Simply moving the software out of the laboratory environment is always a positive step. Real environments can have effects on software that could not be predicted in the lab.

The limited distribution of the software to either the target market or to professional user experience testers, provides a testing viewpoint available in no other way. The very fact that it's not the lab environment can create new understanding with regard to usability. While there are some who say that agile testing makes beta testing redundant, the reality is that beta testing is a vital part of the agile framework.

While beta testing is essentially user testing, this doesn't mean that the only information that can be gained is from the user's viewpoint. There is a great deal more than that. Product feedback can provide information beyond just a narrow framework of usability. It can also provide details about what elements of functionality have been overlooked, something that happens with even the best documentation.

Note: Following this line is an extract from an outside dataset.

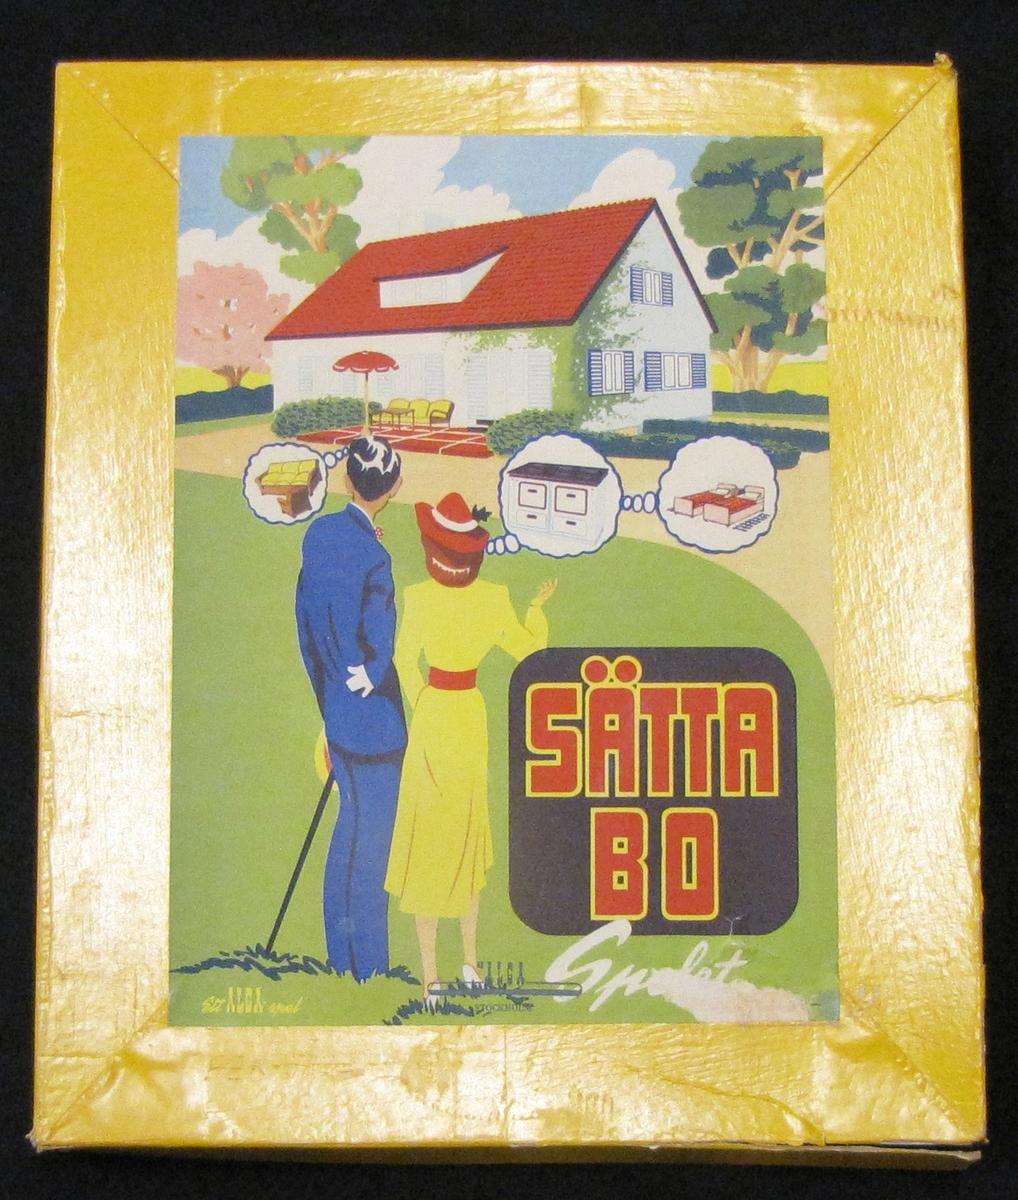 Ett spel, sällskapsspel där man ska skapa ett hem genom att ordna ekonomi och investera i hus och interiörer.

And it can provide inspiration for new products as well as what would be useful improvements in future versions of the product under test.    

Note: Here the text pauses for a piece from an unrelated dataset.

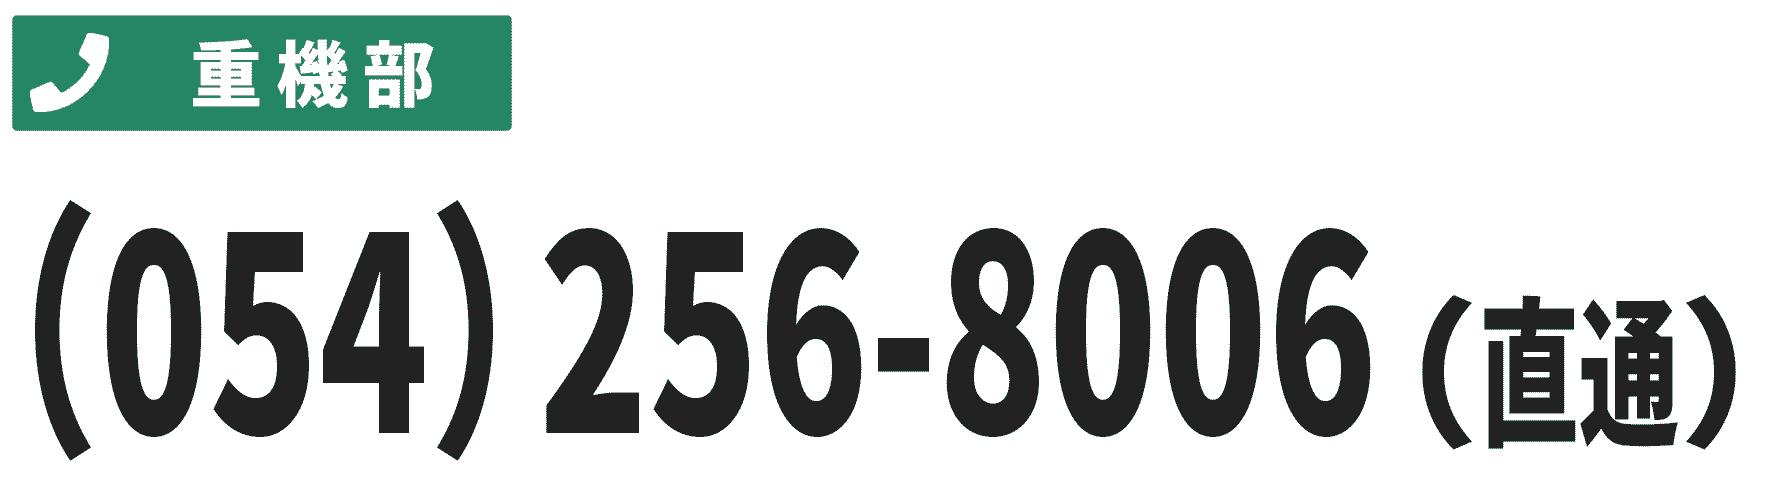 重機部tel:054-256-8006(直通)

The beta testing of software can reveal previously unknown information that is only capable of being revealed in an operational environment. This helps refine the product so that it better meets user expectations by increasing product viability through understanding and correcting issues that may come up. This enables improvement to take place without the possible blowback that can result from prematurely releasing a product onto the market. Preventing bad public relations from faulty software not only increases the marketability of the application, it also prevents the company from developing a bad reputation that will take time and money to correct in the public's mind. This alone is worth the cost of beta testing.

In a sense, beta testing is a form of proof of concept. Documentation outlines the concept at the beginning of the development cycle, elements of the software are then developed and tested in a modular fashion. While this may include some forms of user testing, it is beta testing that confirms that the software functions as a complete concept.

Beta software testing enables end users, or professional testers acting as end users, to report issues discovered outside the lab environment. This "real world" testing takes much of the mystery out of the product by revealing problems that cannot be discovered any other way.

Beta testing is different and its standards are different from those of the development team. Ideally, beta testing standards should rigorously conform to the standards of end users. It is testing through use and in this way provides a new viewpoint while confirming previous development and testing, at the same time.

There are many approaches to beta testing which differ based on the criteria involved and what users are involved. It is a form of user acceptance testing and may include functional and nonfunctional tests, depending on what the circumstances and user requirements are. While problems may arise that cause the software to crash, beta testing is not destruction testing. Destruction testing is an actual attempt to cause the software or subsystem to fail by overdriving the application or providing it with the wrong kind of input. It is often ad-hoc and is generally carried out by professional testers. However, all beta testing falls into one of two categories, these are "open" and "closed." Open testing allows anyone to access the software and is commonly carried out on applications and games that are intended for a large audience. Closed beta testing is restricted by the developer and may only include those people who will be end users or professional testers performing the roles of end users.  

The beta version of an application will normally contain all the functionality of the planned release in order to make for as realistic a test as possible. This enables testing of all parts of the system and makes error identification easier as there is no contrast between beta and release versions.

Non-functional testing is easier and realistic as the system will integrate into its environment in the same way that the release version will. This is why the hardware configuration that the software will run on needs to be fully known so that there are no surprises that would confuse testing.

The only real difficulty is making sure that testers accurately reflect end users. They must either be end users themselves or testers trained to behave as realistic end users. Testers must be able and willing to provide feedback to developers. Getting feedback can be difficult when testers are "raw" recruits, such as those recruited over the Internet to test new games. They may be more interested in playing the game than providing accurate feedback.

Beta testing is a multi-layered process that can provide vital information regarding reliability, functionality, compatibility and usability to stakeholders  and thereby ensuring that software has reached the highest quality possible before release. This in turn adds value by creating the best possible public relations following initial release. It also provides information that will enable the software to be improved in future releases, and so extending that value into the future.